S4 Fig. Overlap of bacterial taxa showing evidence of heritability and GWAS signals.
The number of overlaps between bacterial taxa showing heritability (from “chip heritability” estimation) and bacterial taxa with at least one genome-wide significant association from GWAS is shown for each season with the colored, dashed line. A null distribution of overlaps expected by chance given the number of bacterial taxa showing heritability and showing a GWAS hit was calculated by permuting which bacterial taxa were labeled as heritable 1000 times. An empirical p-value was calculated by dividing the number of overlaps observed in the permutations greater than the actual overlap by the total number of permutations (1000). This was done for each season: A) winter, B) summer, and C) “seasons combined”.
S5 Fig. Distribution of p-values from candidate tissue identification analyses.
P-values were calculated via permutation for each tissue for each bacterial taxon that had either non-zero “chip heritability” or at least one genome-wide significant SNP. The number of expected associations with a P ≤ 0.05 is indicated with the red line on each plot. As can be seen from the histograms, most tissues do not show enrichment for low GWAS p-value SNPs in DHS peaks (large excess around P = 1). For winter (A) and summer (B), there are not more associations at P ≤ 0.05 than we would expect by chance. However, in the “seasons combined” analysis (C), there is a slight excess of P-values ≤ 0.05, indicating significant associations exist in this analysis (although many false positives likely exist as well). Therefore, candidate tissue analysis for winter and summer were not considered further.

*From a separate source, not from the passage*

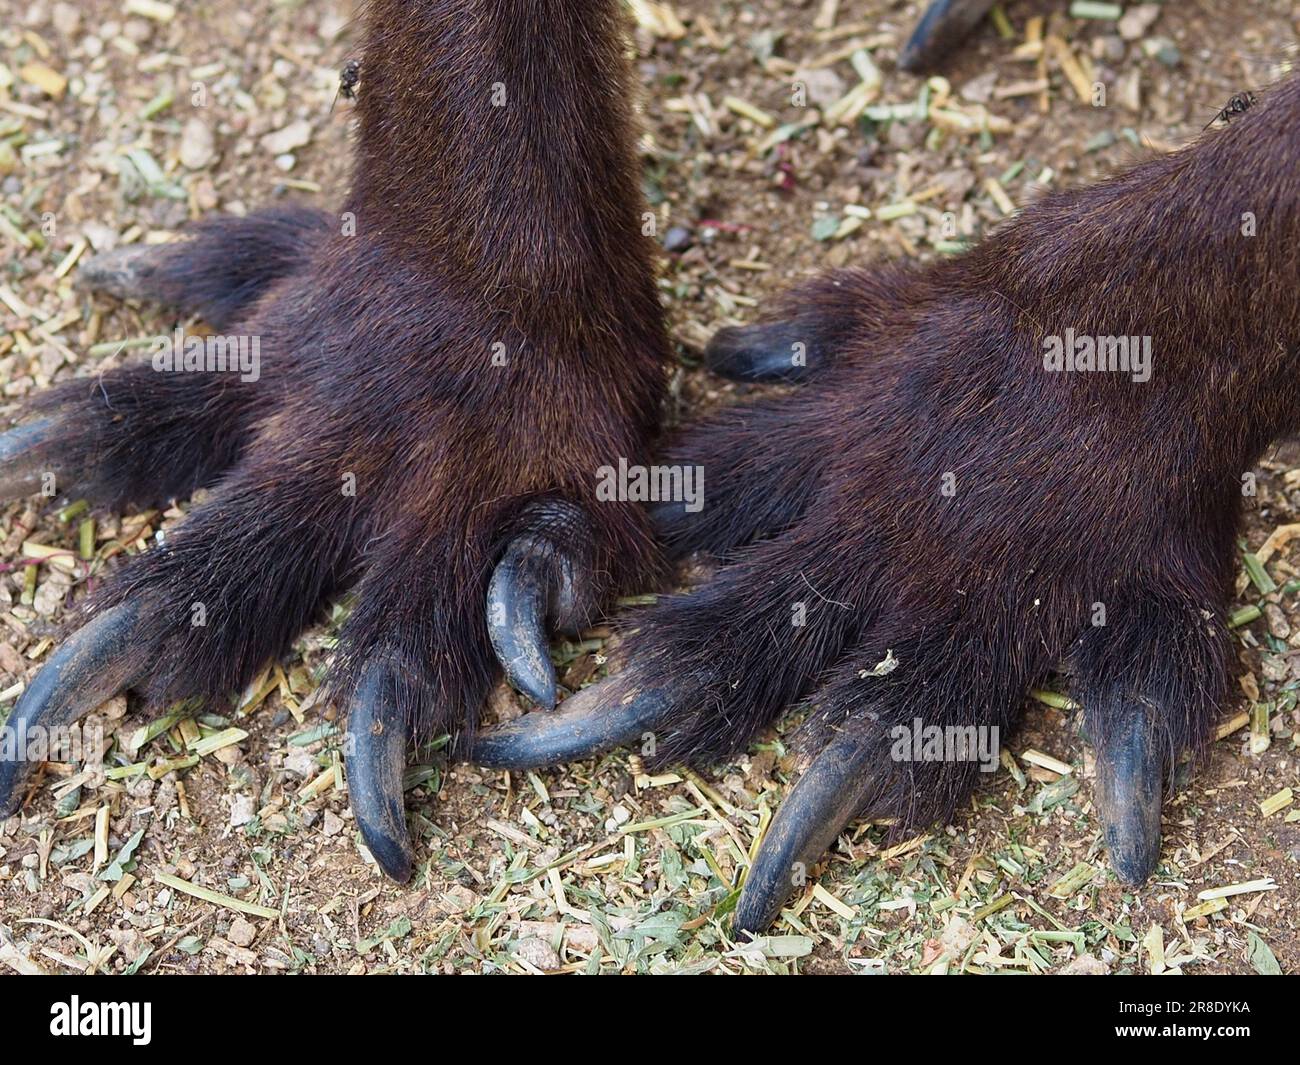 A closeup image of a Kangaroo Island Kangaroo's unique front paws with powerful sharp-edged claws. Stock Photo

S6 Fig. Additional candidate tissues identified in “seasons combined” analysis.
A, C, and E) GWAS variants with increasingly low P-values (x-axis in (A), (C), and (E)) are enriched (y-axis) in DNase Hypersensitivity Sites (DHS) for various tissues, compared to the genome-wide distribution of GWAS SNPs falling in DHS peaks for that tissue. Identified tissues are listed in the top left corner for each bacterial taxon examined (color matches lines on plot and order is the same as order in the y-dimension in the lowest P-value bin). Any tissue not listed (drawn in the thin, gray line) did not have significant enrichment in the lowest P-value bin. B, D, and F) Boxplots (gray) indicate the null distribution of enrichments of SNPs in the lowest GWAS P-value bin in DHS peaks for the given tissues calculated from GWAS permutations from (A), (C), and (E), respectively. The actual enrichment of SNPs in the lowest GWAS P-value bin overlapping DHS peaks for each tissue is indicated by the colored star. All enrichments shown have a P ≤ 0.05. A & B) family Neisseriaceae, C & D) family Pasteurellaceae, and E & F) genus Dolosigranulum.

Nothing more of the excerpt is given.